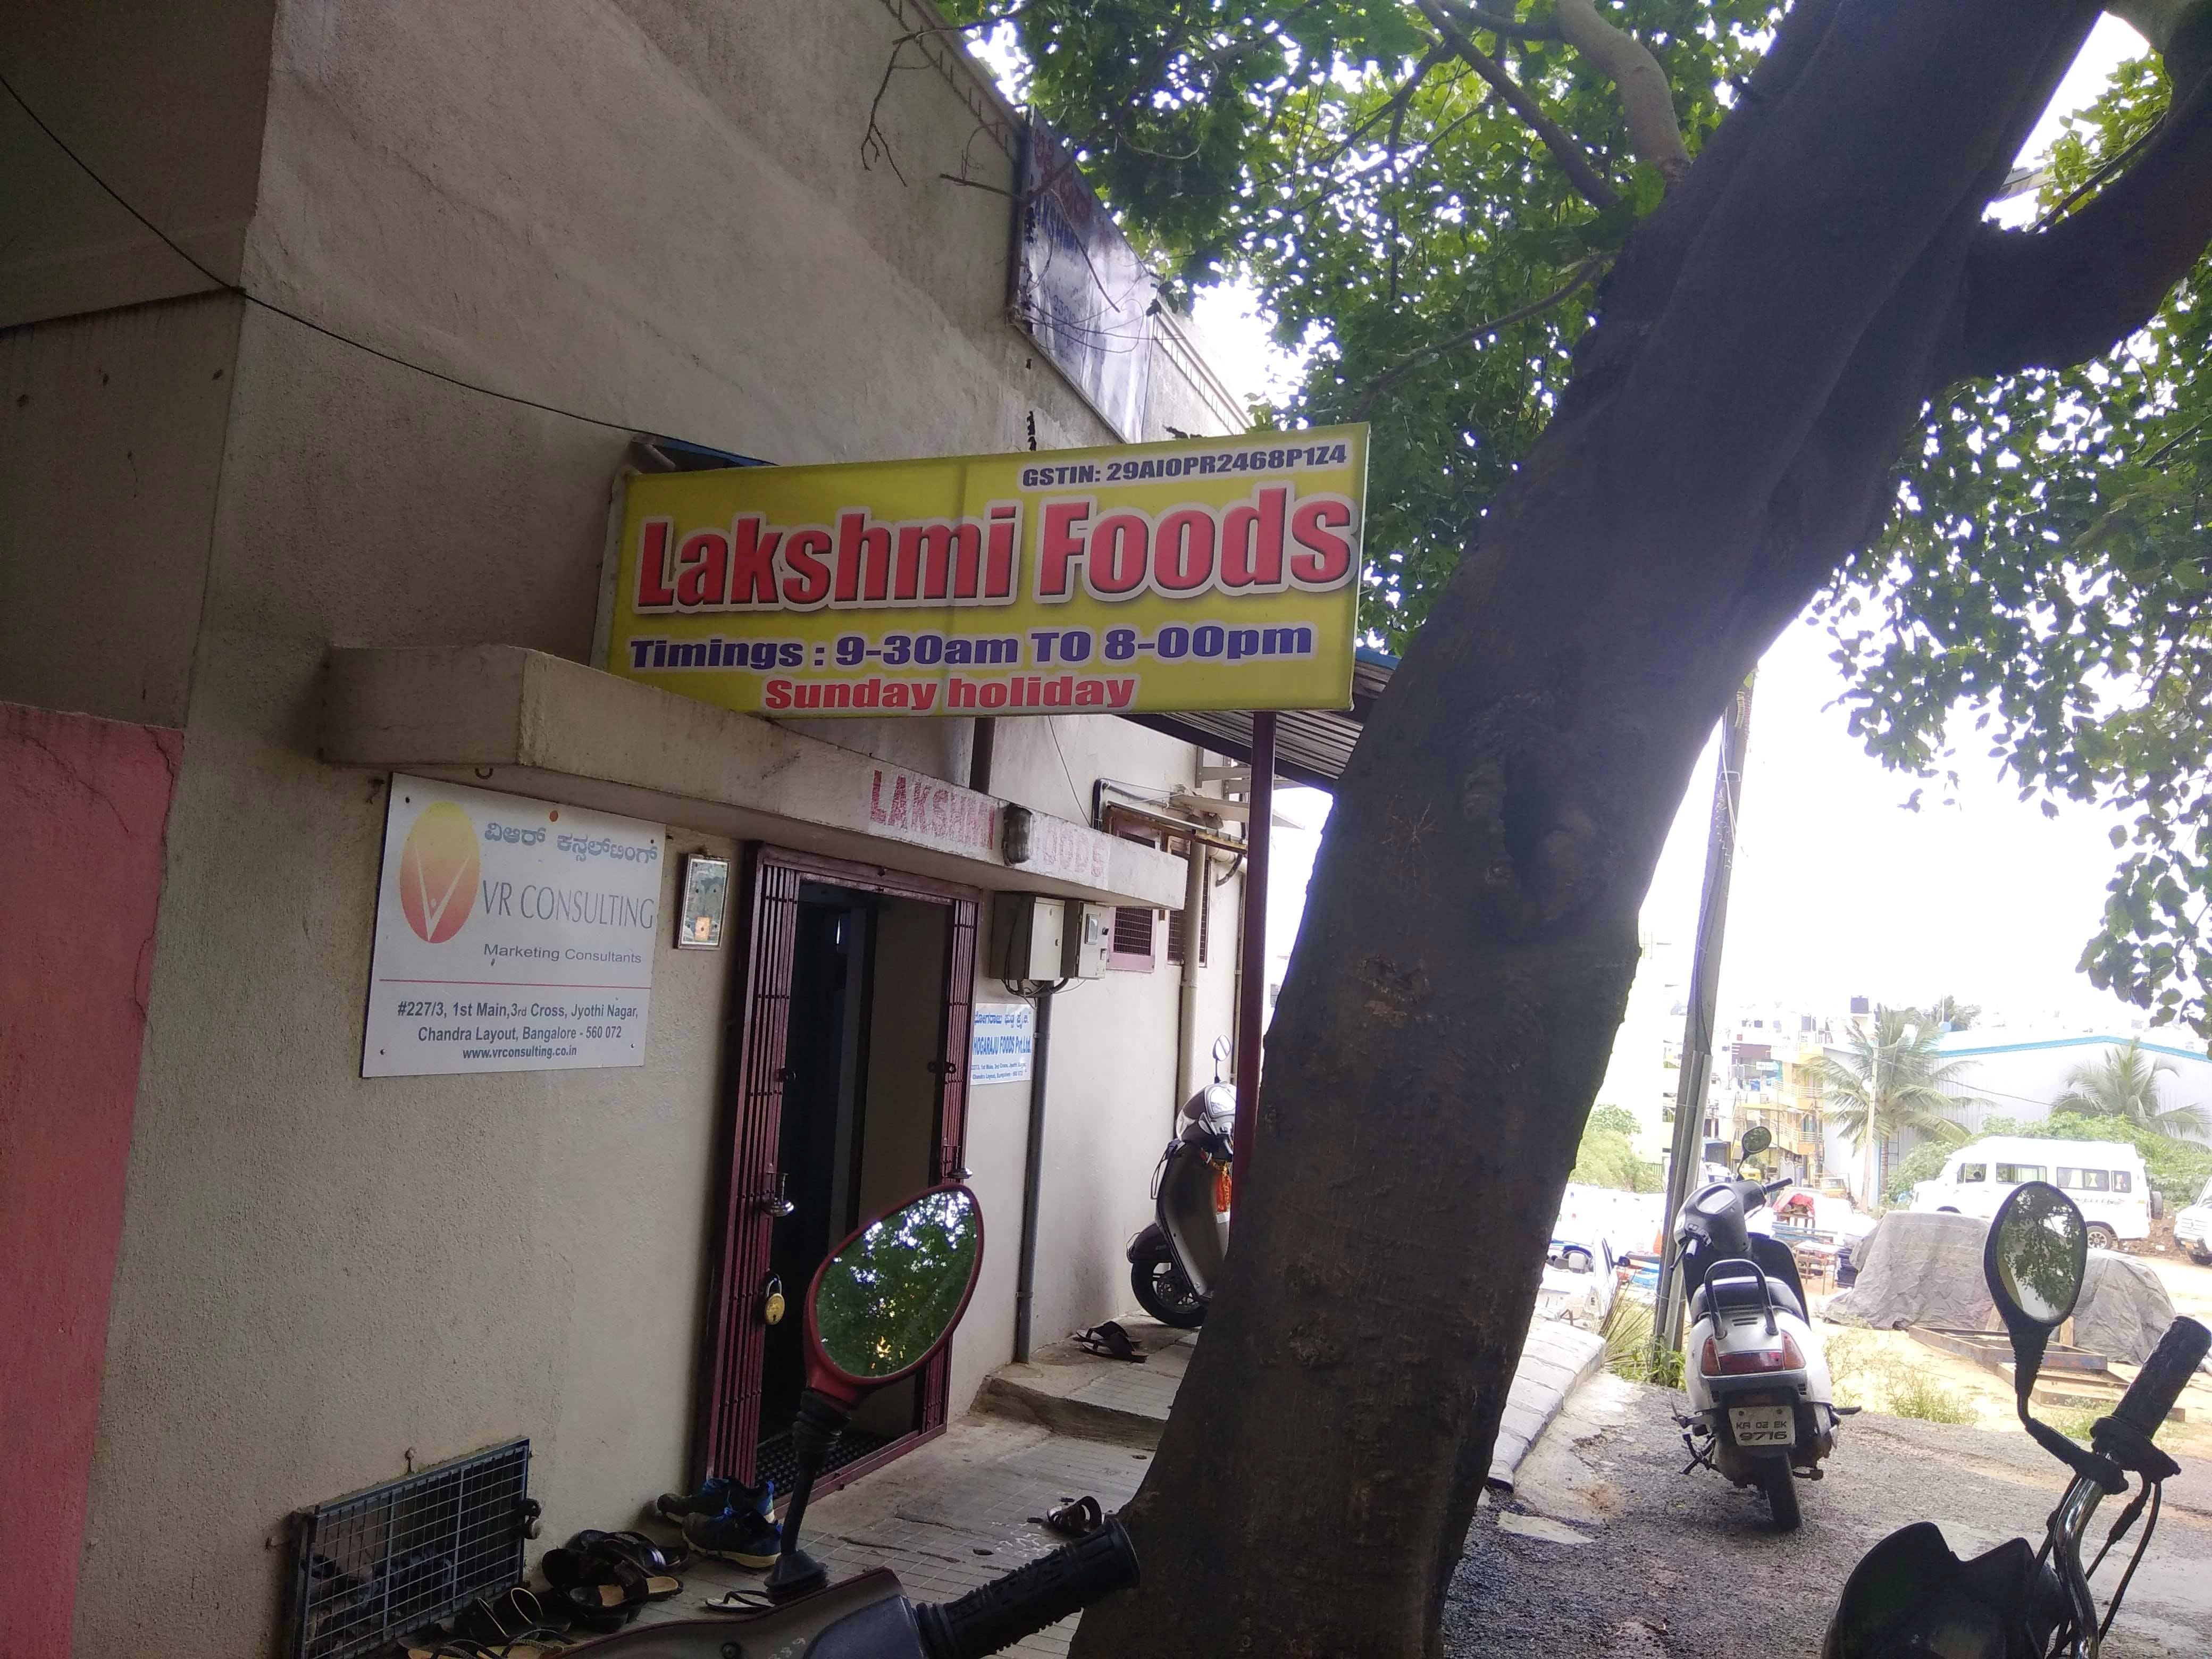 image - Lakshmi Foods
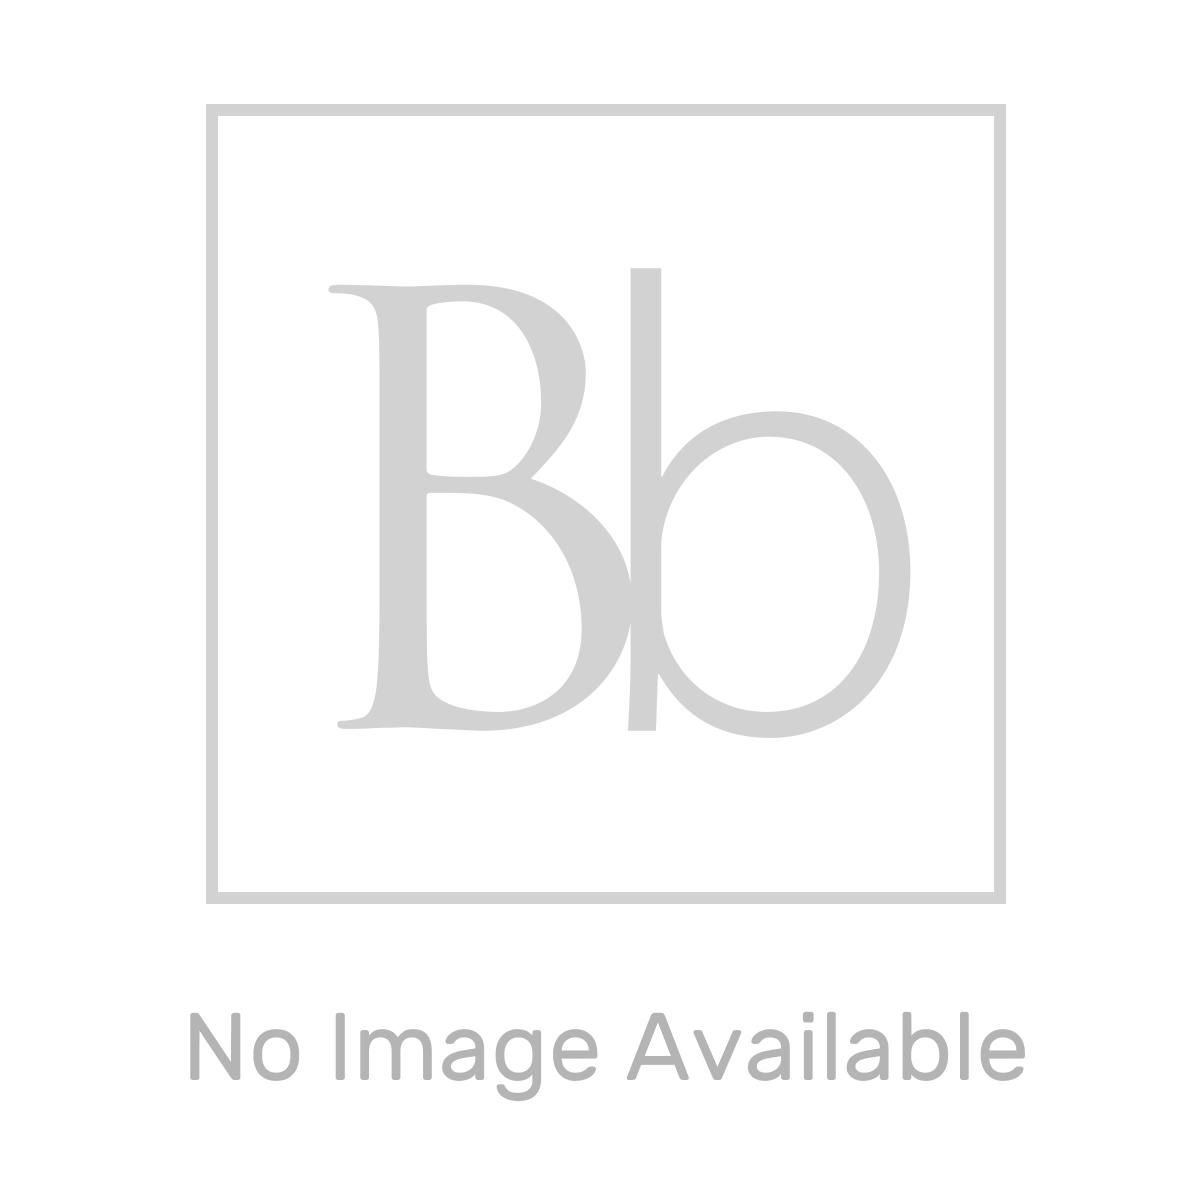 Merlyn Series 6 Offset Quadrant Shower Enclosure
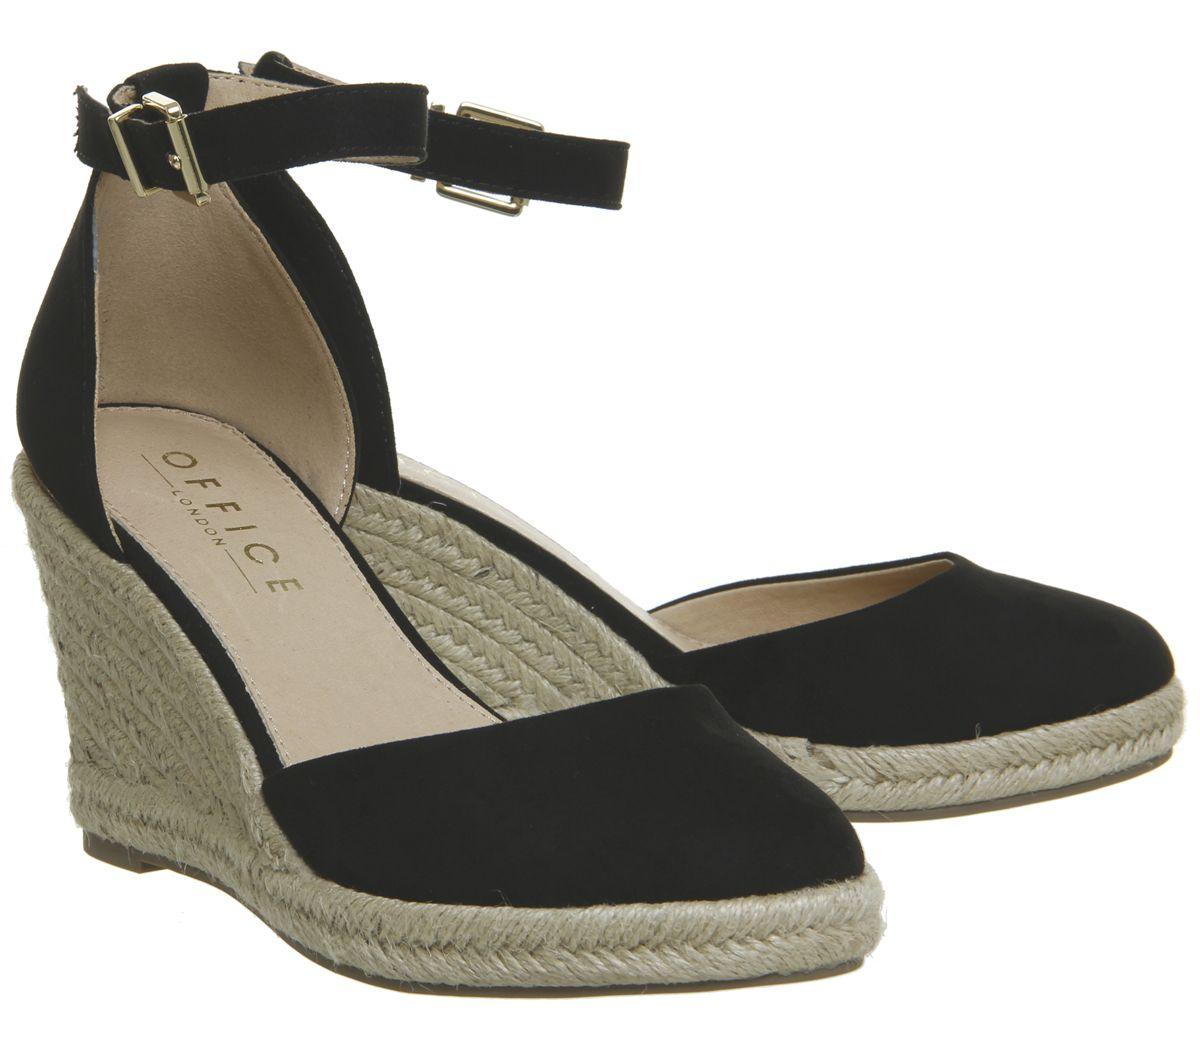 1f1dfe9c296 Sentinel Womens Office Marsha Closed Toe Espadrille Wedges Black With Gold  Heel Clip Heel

--*--

Give the listing again word for word. Skip every image.

 image - Lakshmi Foods
 Merlyn Series 6 Offset Quadrant Shower Enclosure
 1f1dfe9c296 Sentinel Womens Office Marsha Closed Toe Espadrille Wedges Black With Gold  Heel Clip Heel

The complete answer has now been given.